=== SOURCE DATA ===

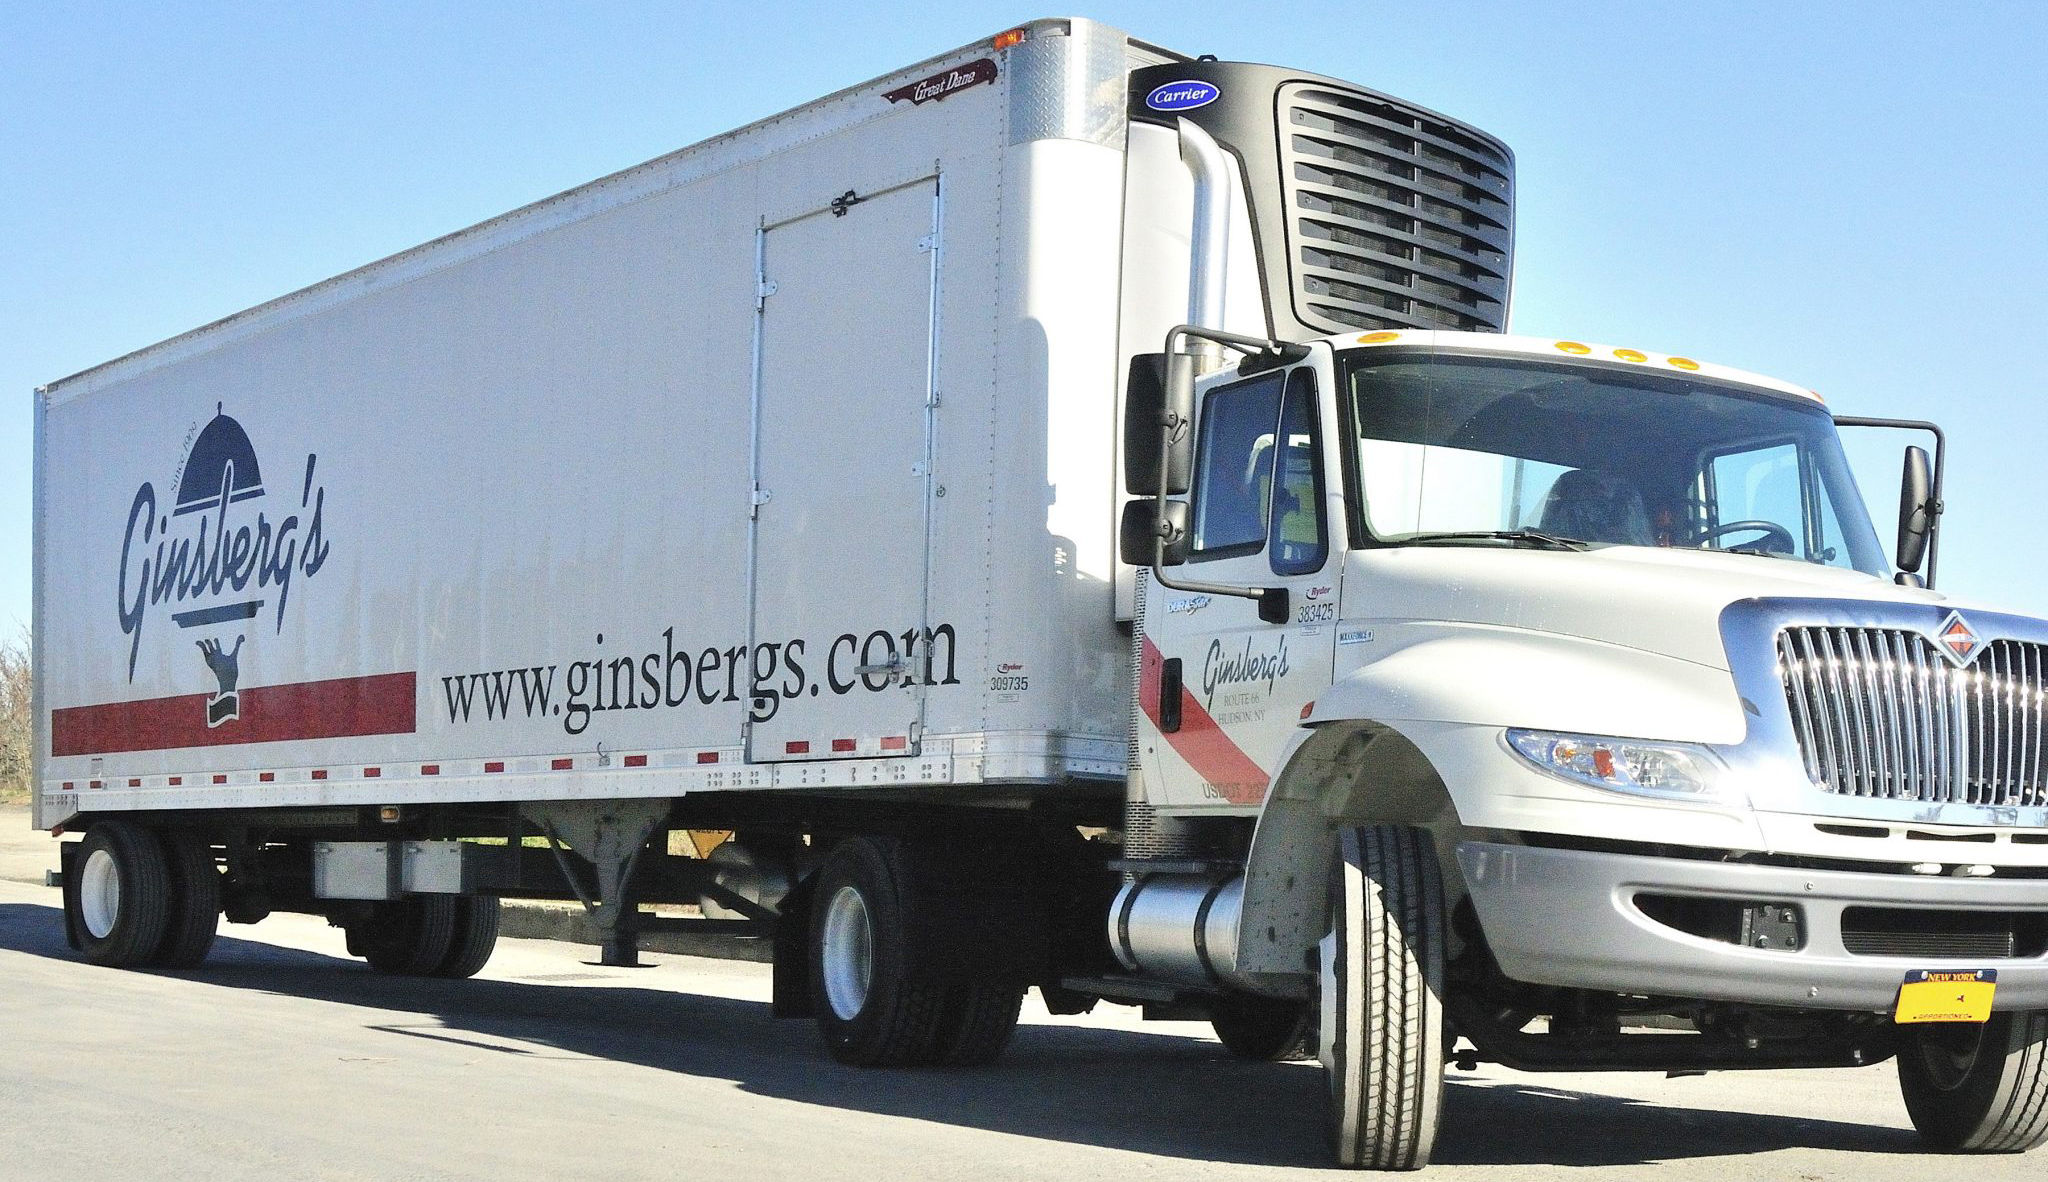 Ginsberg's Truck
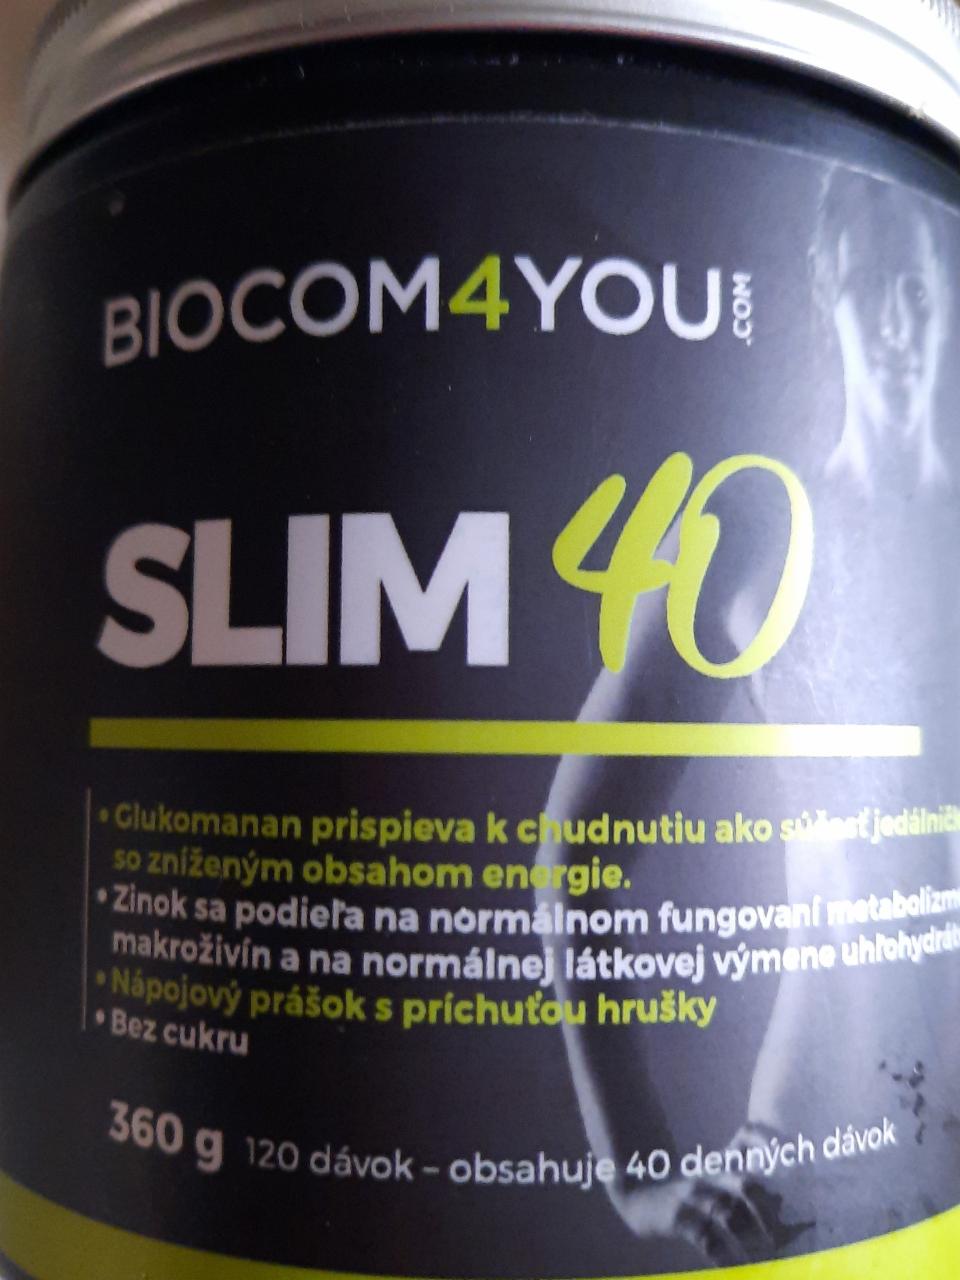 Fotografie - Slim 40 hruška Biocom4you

===
=== SOURCE DATA ===

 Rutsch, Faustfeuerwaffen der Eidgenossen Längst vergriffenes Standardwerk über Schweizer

===

- **PROBLEM REQUIREMENTS**: The lines above from the line with "Ginsberg's Truck" through the line with "Fotografie - Slim 40 hruška Biocom4you" are to be given again word for word, with no pictures among them.

- **EXERCISE ANSWER**:
 Ginsberg's Truck
 Fotografie - Slim 40 hruška Biocom4you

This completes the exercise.